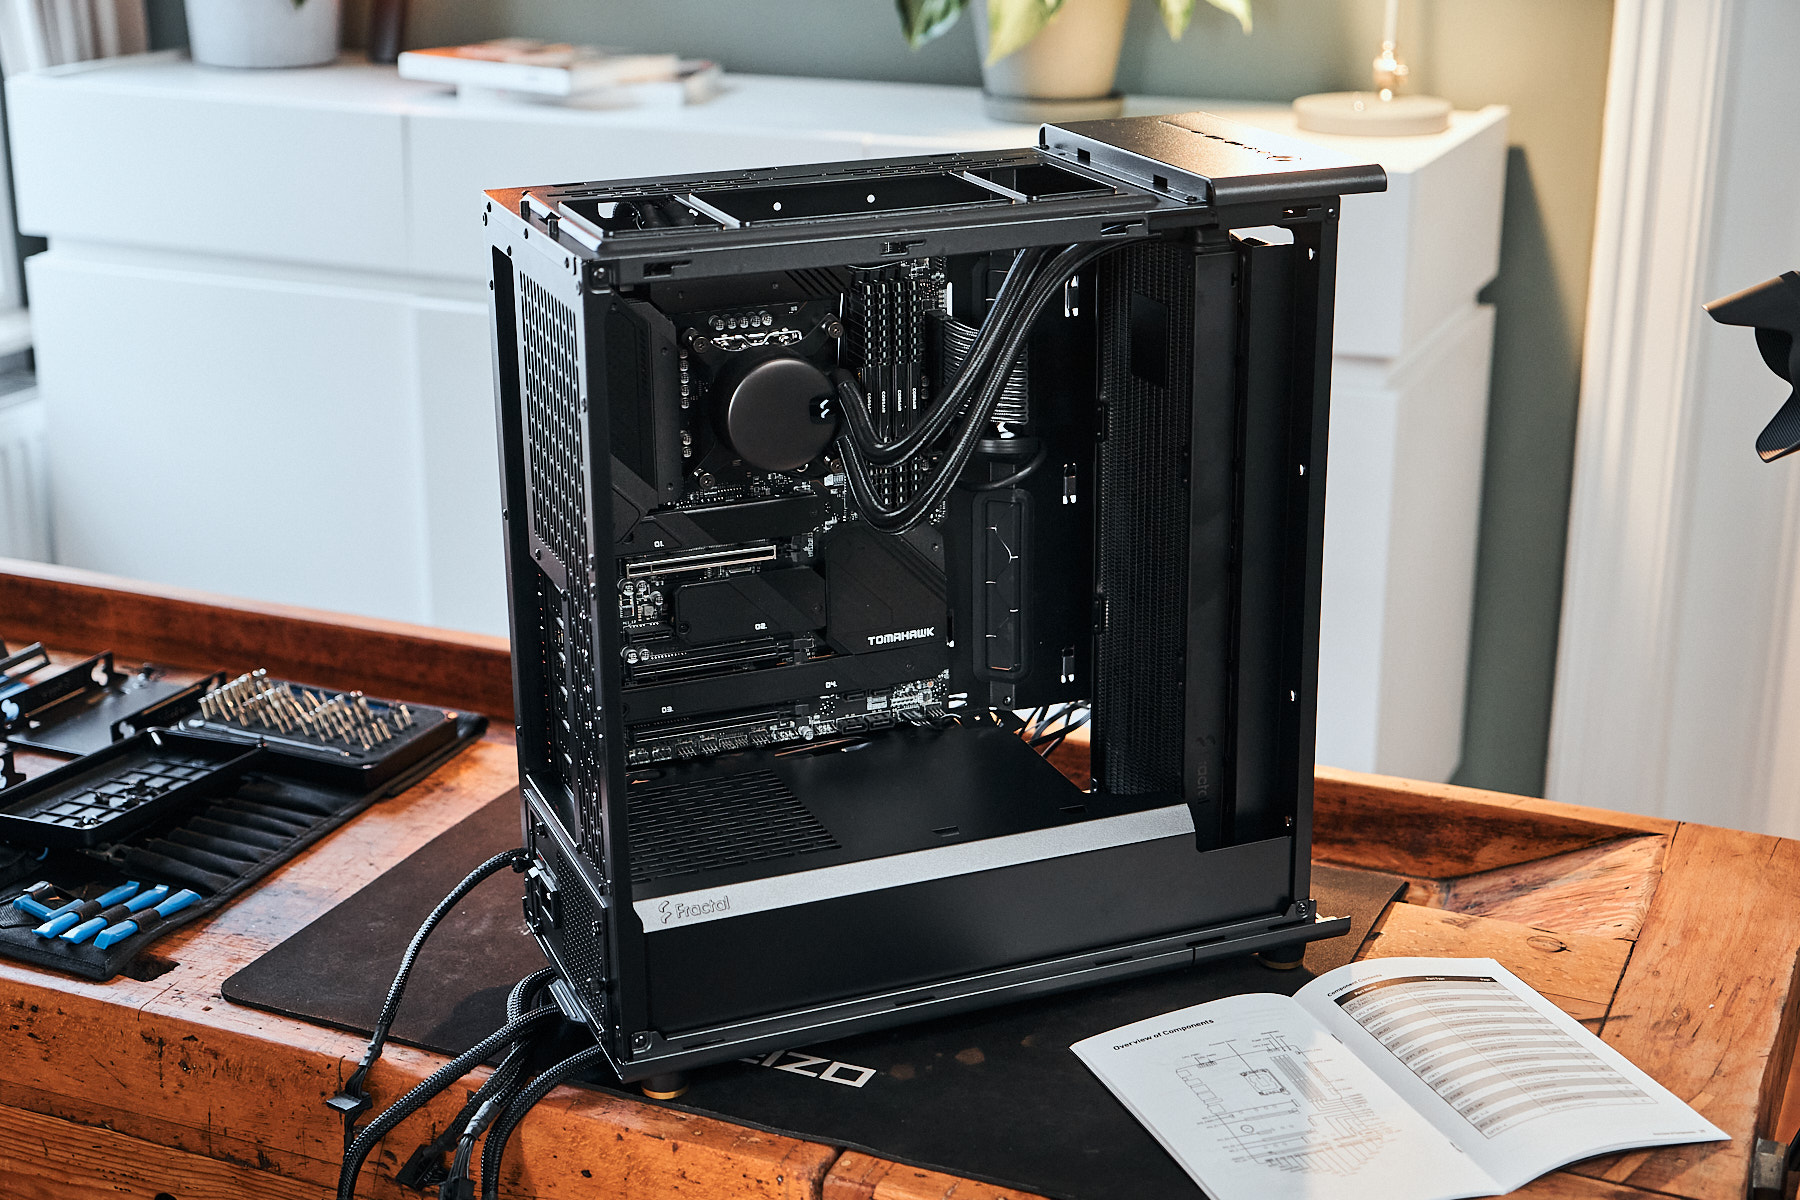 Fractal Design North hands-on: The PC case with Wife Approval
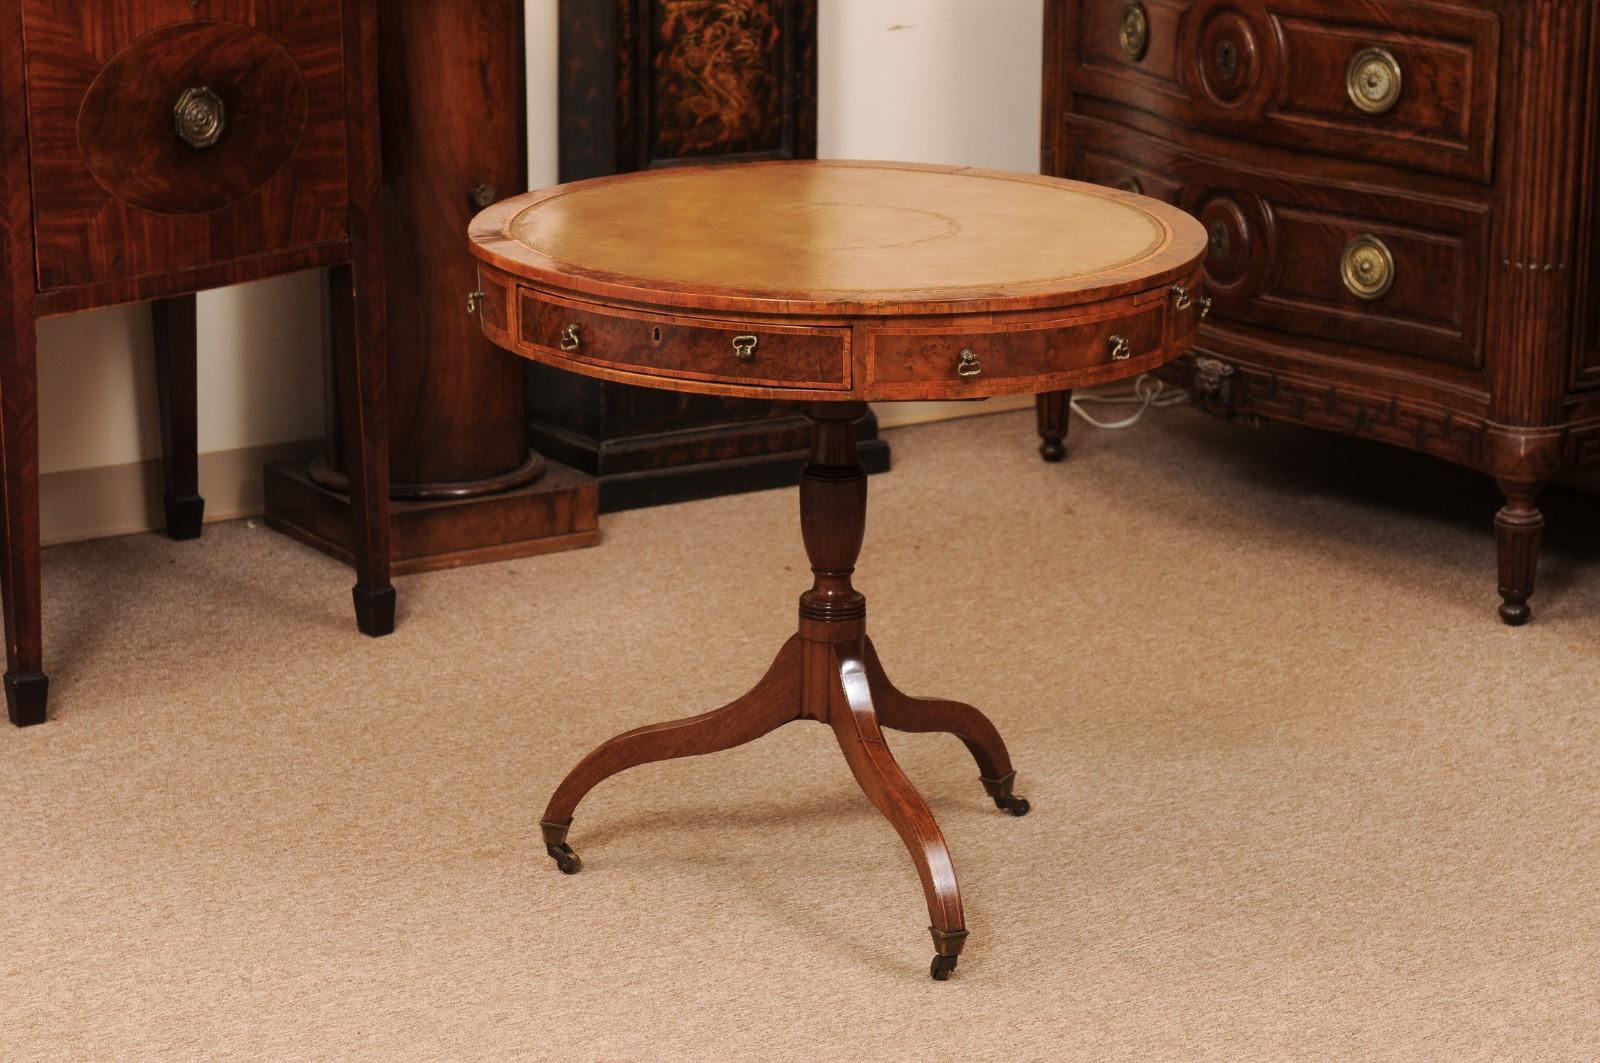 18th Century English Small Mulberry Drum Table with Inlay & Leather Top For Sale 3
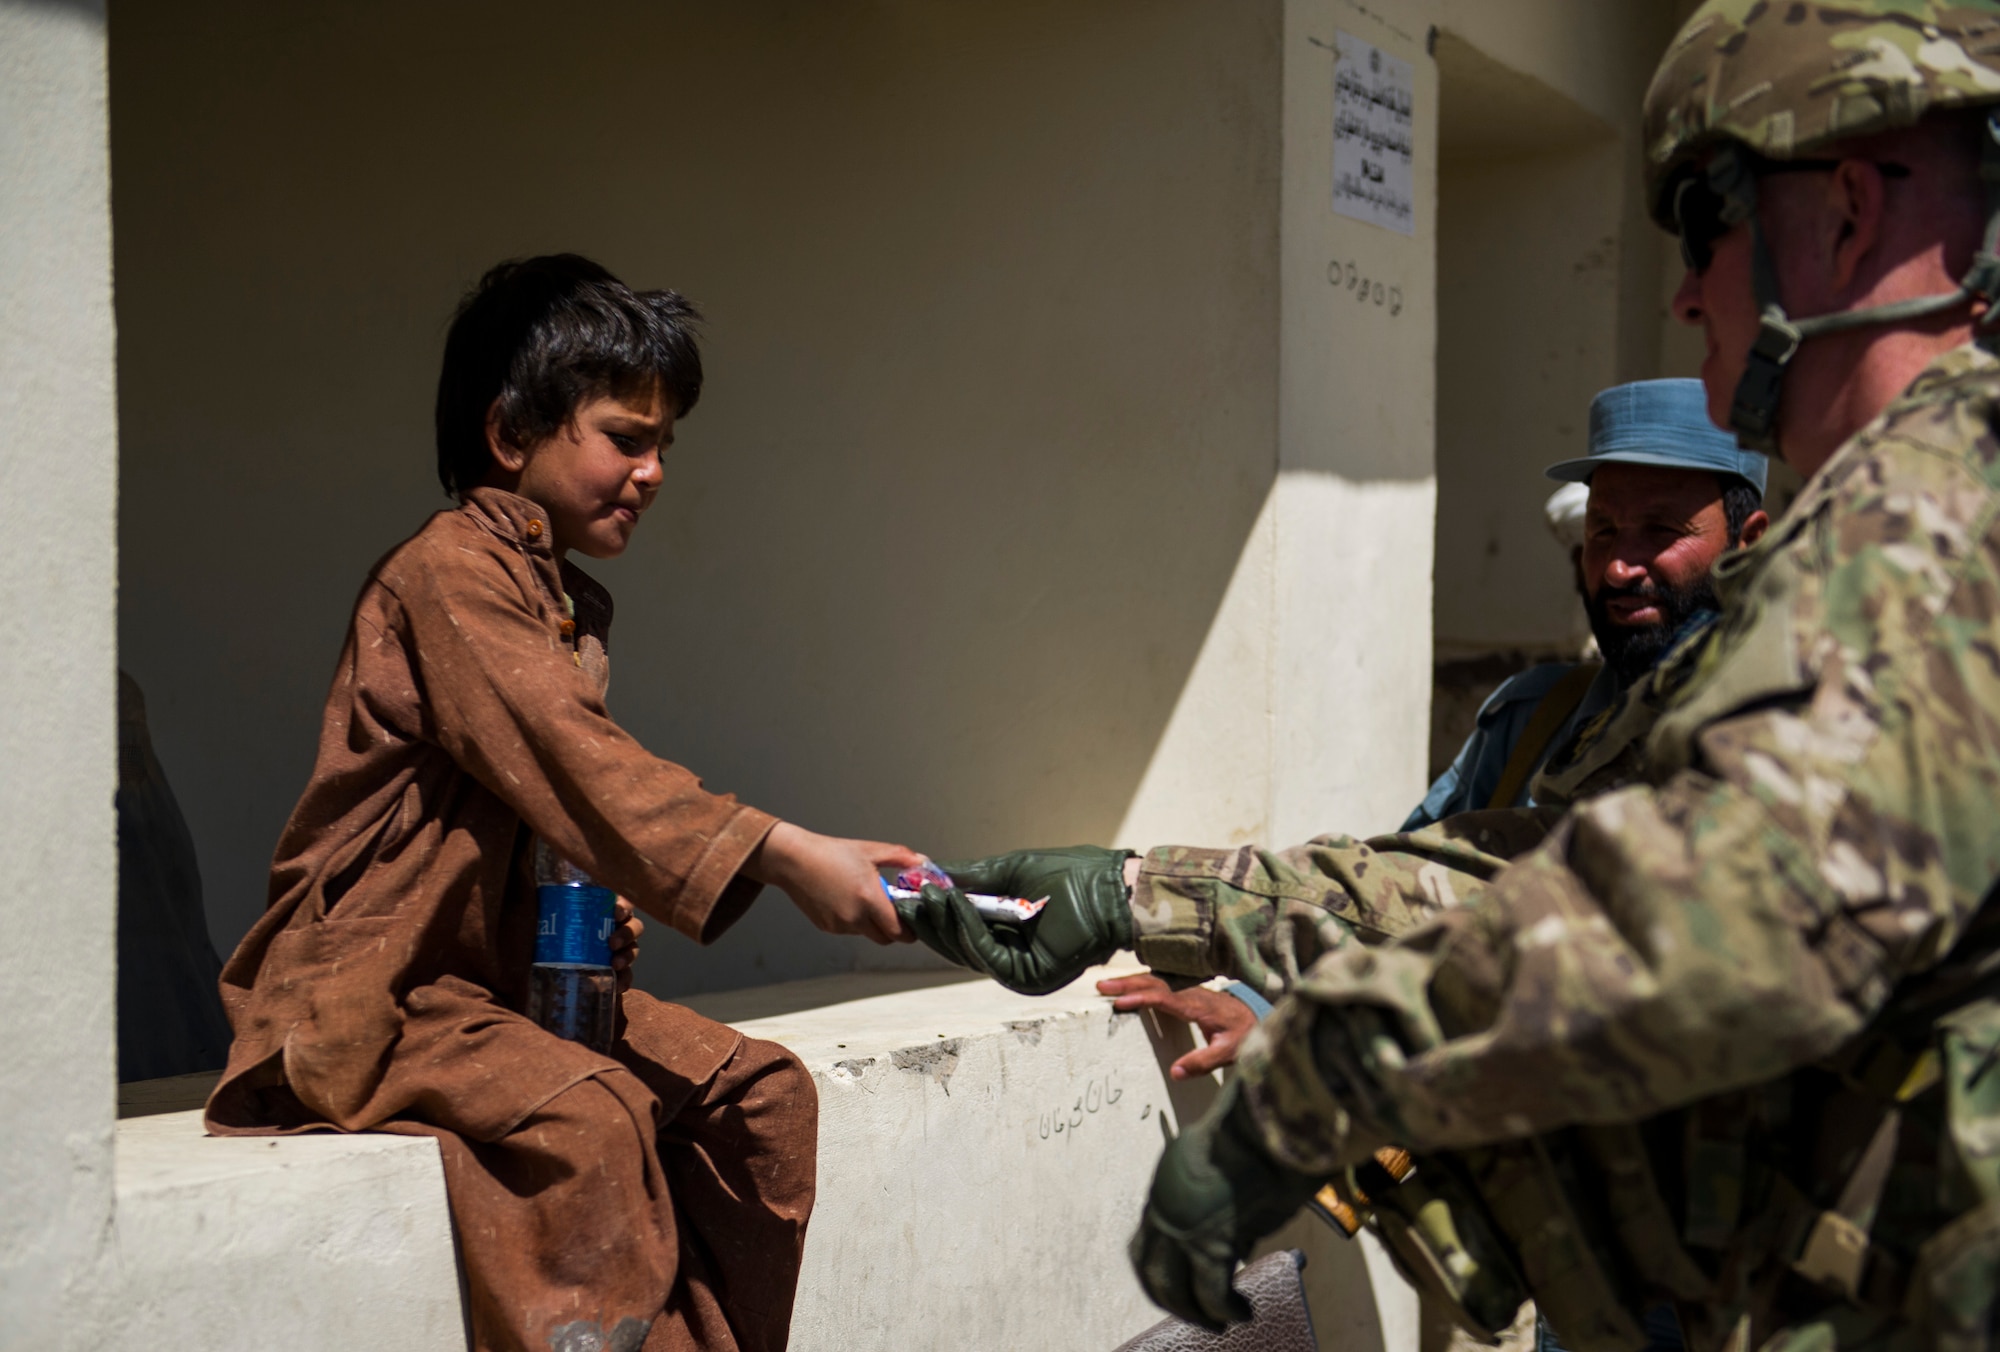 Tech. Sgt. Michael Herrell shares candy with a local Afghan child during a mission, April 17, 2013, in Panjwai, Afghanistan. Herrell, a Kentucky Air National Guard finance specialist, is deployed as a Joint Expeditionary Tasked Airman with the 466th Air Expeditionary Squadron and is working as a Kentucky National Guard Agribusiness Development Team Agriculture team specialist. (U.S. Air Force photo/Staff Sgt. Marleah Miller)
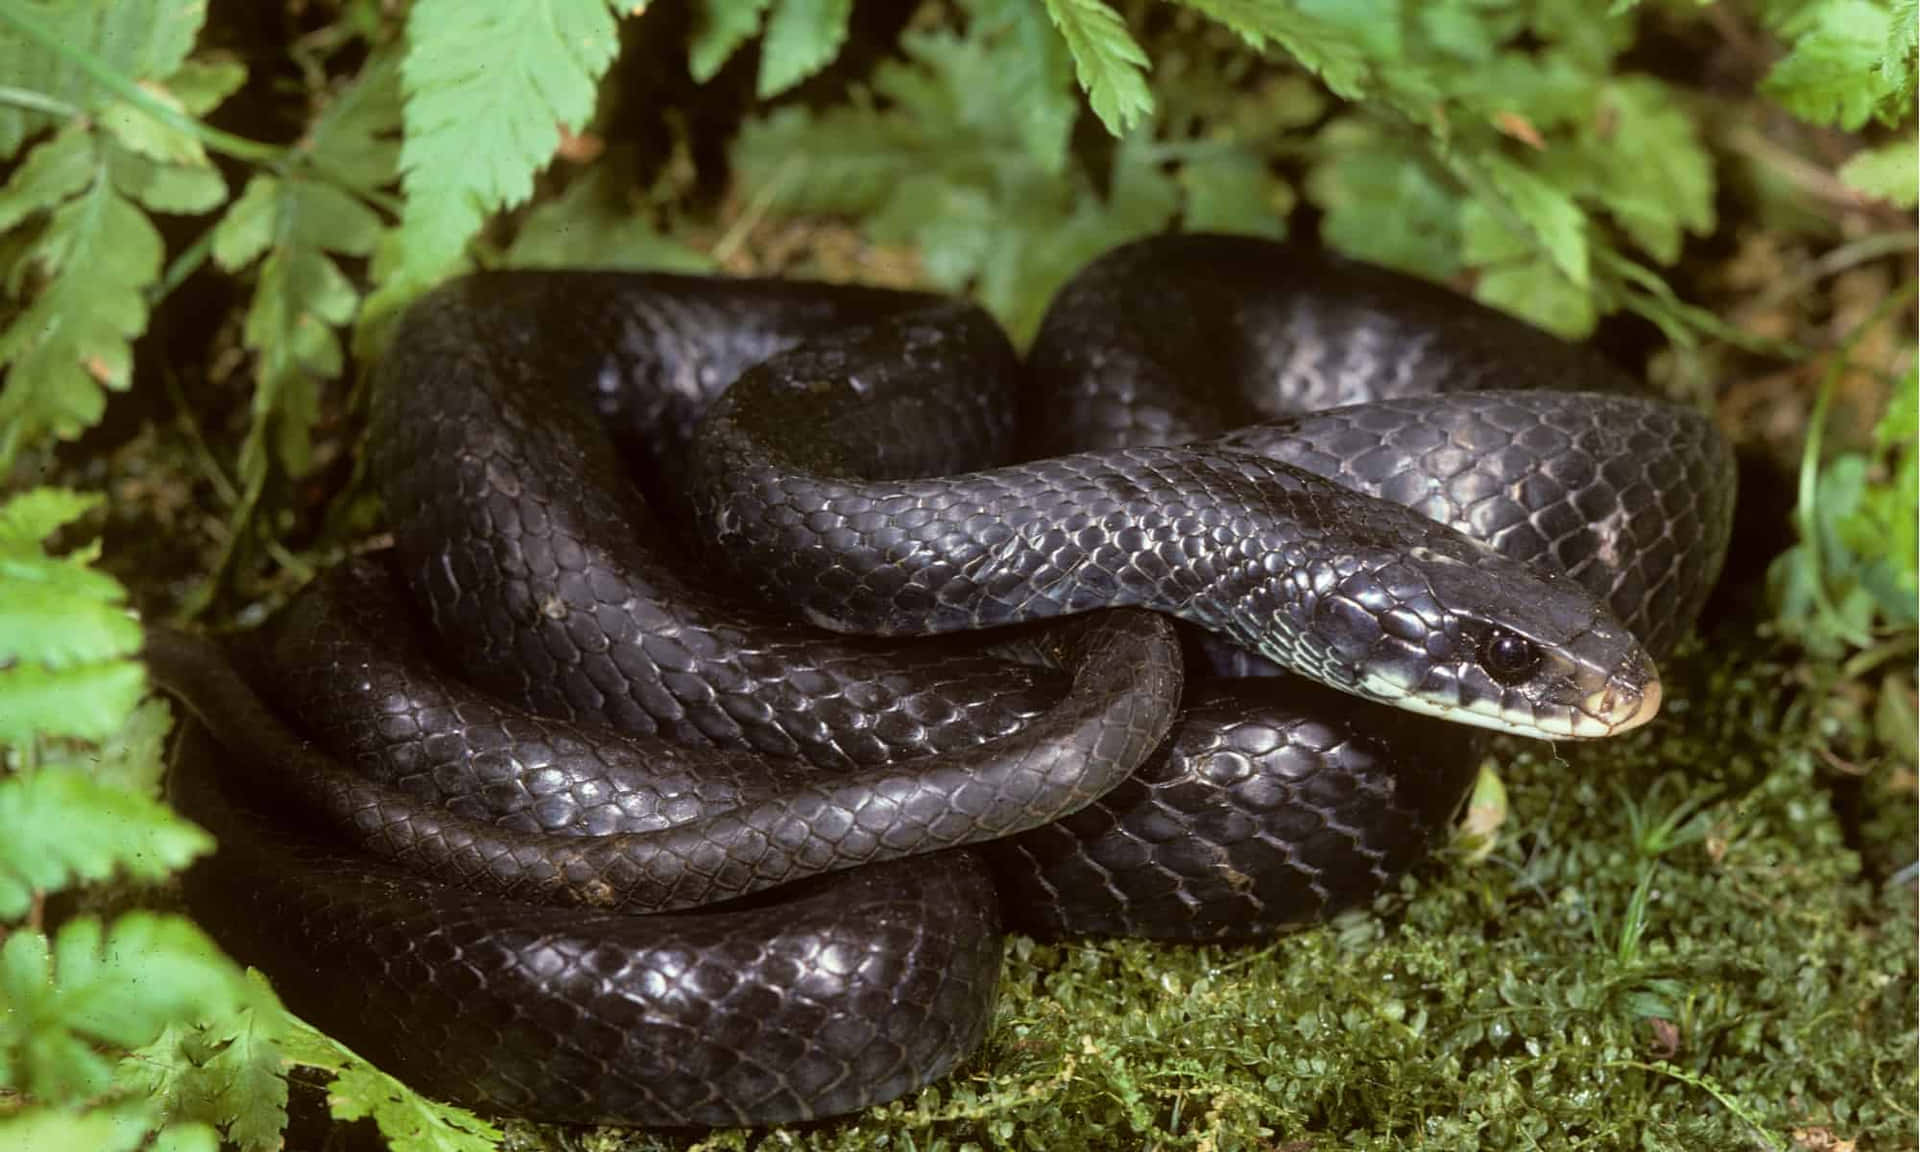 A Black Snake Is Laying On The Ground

*YOUR TASK*. Only the lines from the one containing "18th Century English" to the end of the listing belong in the answer, exactly as they stand and with no pictures.

*SOLUTION TO THIS TASK*.
 18th Century English Small Mulberry Drum Table with Inlay & Leather Top For Sale 3
 Tech. Sgt. Michael Herrell shares candy with a local Afghan child during a mission, April 17, 2013, in Panjwai, Afghanistan. Herrell, a Kentucky Air National Guard finance specialist, is deployed as a Joint Expeditionary Tasked Airman with the 466th Air Expeditionary Squadron and is working as a Kentucky National Guard Agribusiness Development Team Agriculture team specialist. (U.S. Air Force photo/Staff Sgt. Marleah Miller)
 A Black Snake Is Laying On The Ground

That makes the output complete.